Prior to last week’s Rosh Hashana service, the last time I set foot in this sanctuary was in 1971, a half century ago. Powerful images of Temple Beth El from my boyhood still reside in the chambers of my mind. I visualize the temple as a place of grandeur, with congregants housed beneath an ornate domed ceiling rich with relief and painting. I smell the shellac and wood polish applied to the sturdy, well-hewn benches on which my brothers, parents and I sit. I hear Rabbi Hertz’s resonant baritone and wafting organ and choral music. Hundreds upon hundreds of Jews are observing the high holidays – singing, praying, kibitzing – in the heart of Detroit.
It is wonderful that blacks and Jews alike now again make use of this sacred space. But the past, our past, pricks at us here, doesn’t it, as we confront the scars of time?
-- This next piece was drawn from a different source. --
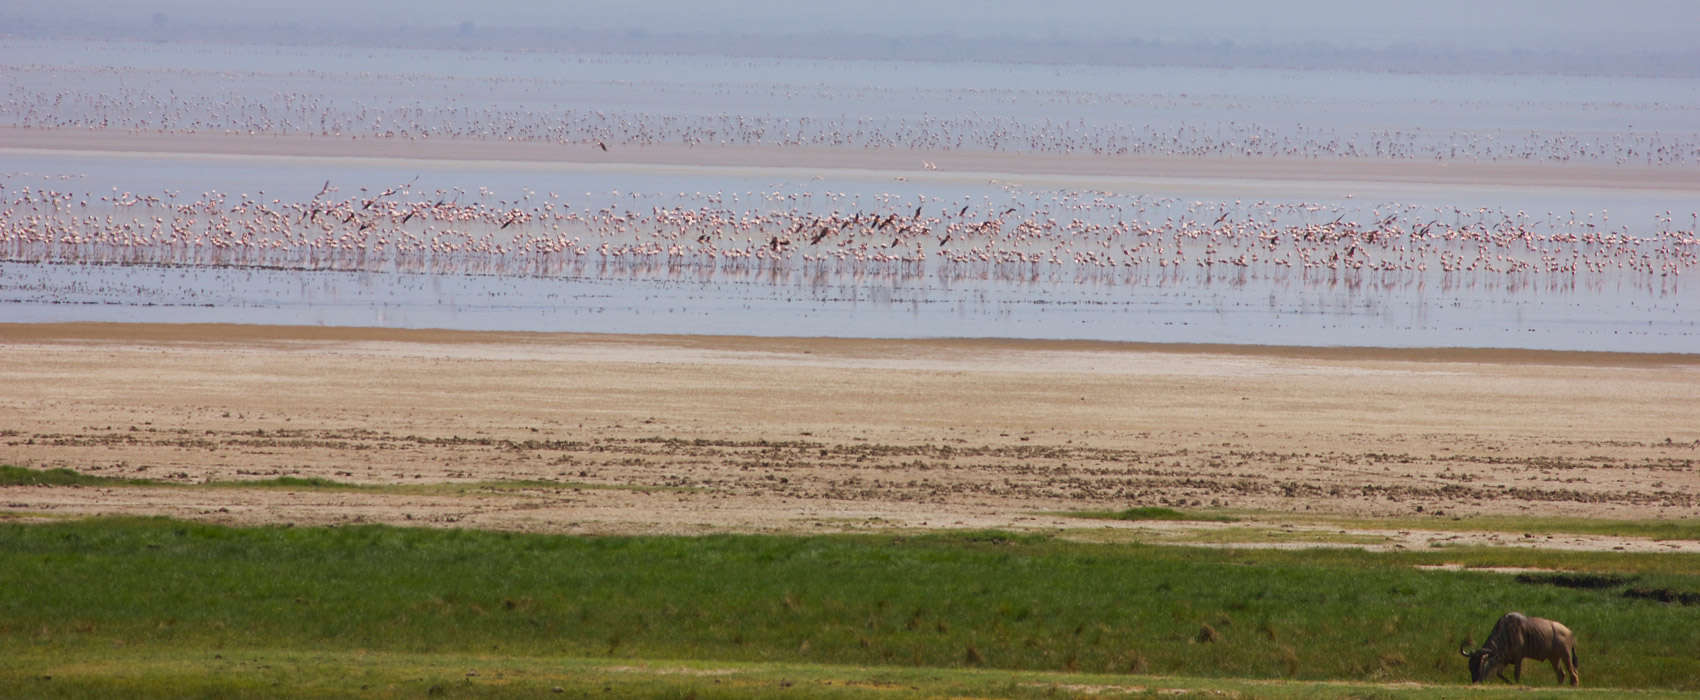 African Lake Manyara National Park Safari birds

We wrestle with the implications of the exposed wrought-iron rebar in the ceiling and the holes in the plasterboard above us.
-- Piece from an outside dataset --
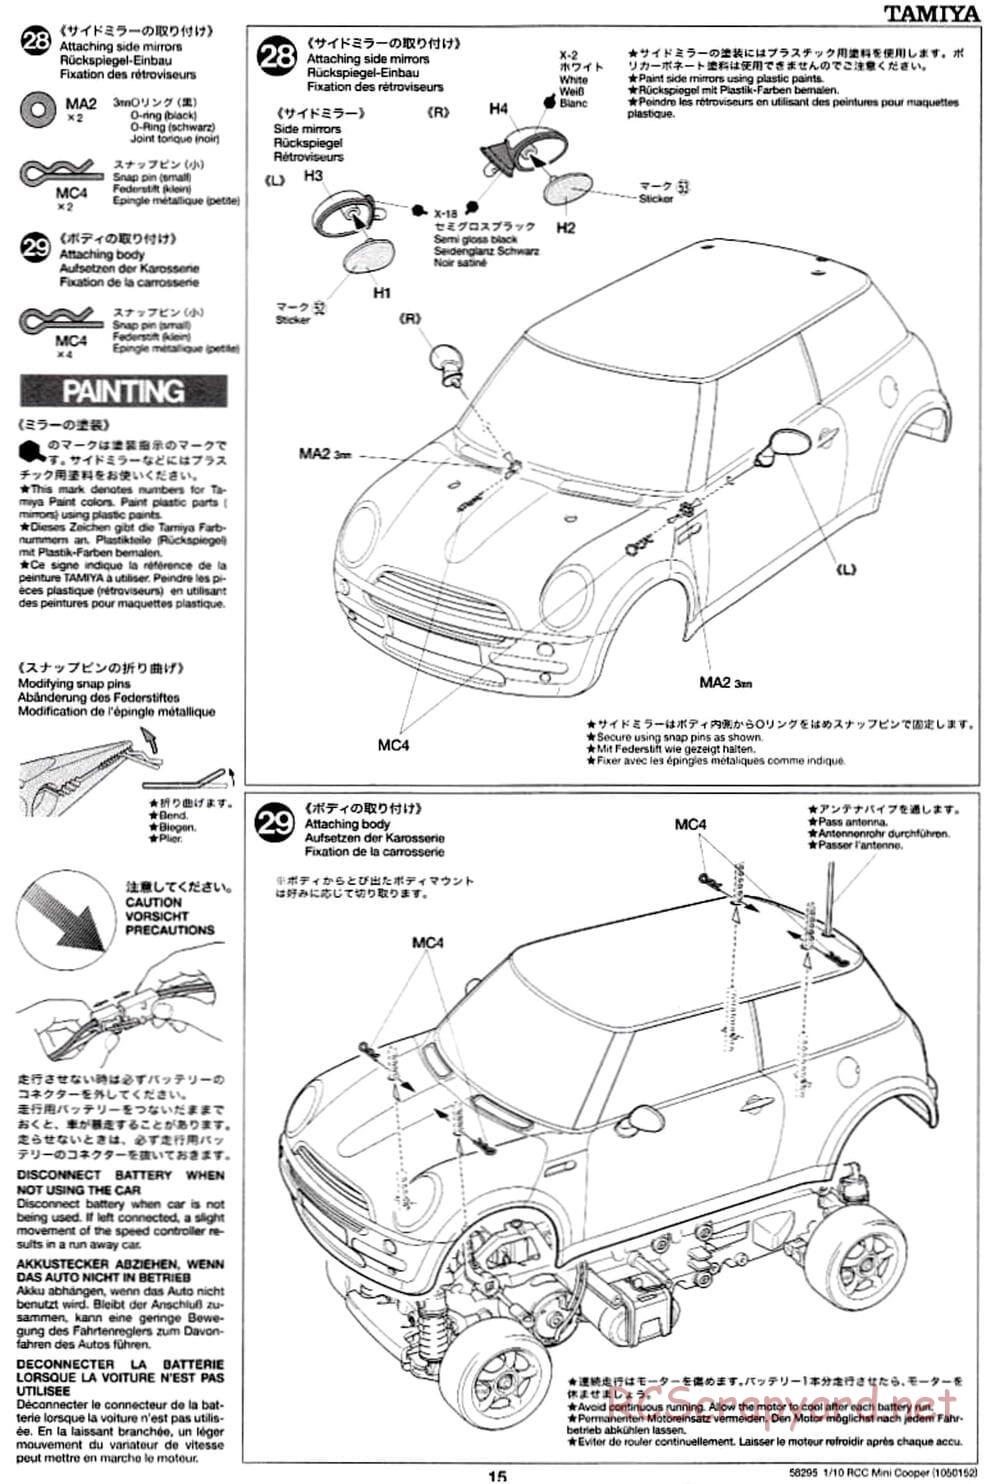 Tamiya - Mini Cooper - M03L Chassis - Manual - Page 14

I lack even armchair expertise on anything scientific but, as part of my personal search for God, I like reading about the Big Bang and the fabric of our cosmos. So, I’ve picked up a thing or two about what physicists call thermodynamics, or energy transfer. Its Second Law dictates that a force called “entropy” increases over time. This means there is a natural tendency for things, anything really, to degenerate – to become more disordered and diffuse.
I suspect the Second Law of Thermodynamics has exerted itself on the metropolitan Detroit Jewish community and has not been kind. Our numbers have decreased in recent decades. Over that period, we scattered from our urban core. We migrated in a northwesterly direction, far away from Central and Mumford, the high schools from which our parents and grandparents graduated. We effected a regional diaspora that has seen architectural and spiritual jewels like this building abandoned to generations past.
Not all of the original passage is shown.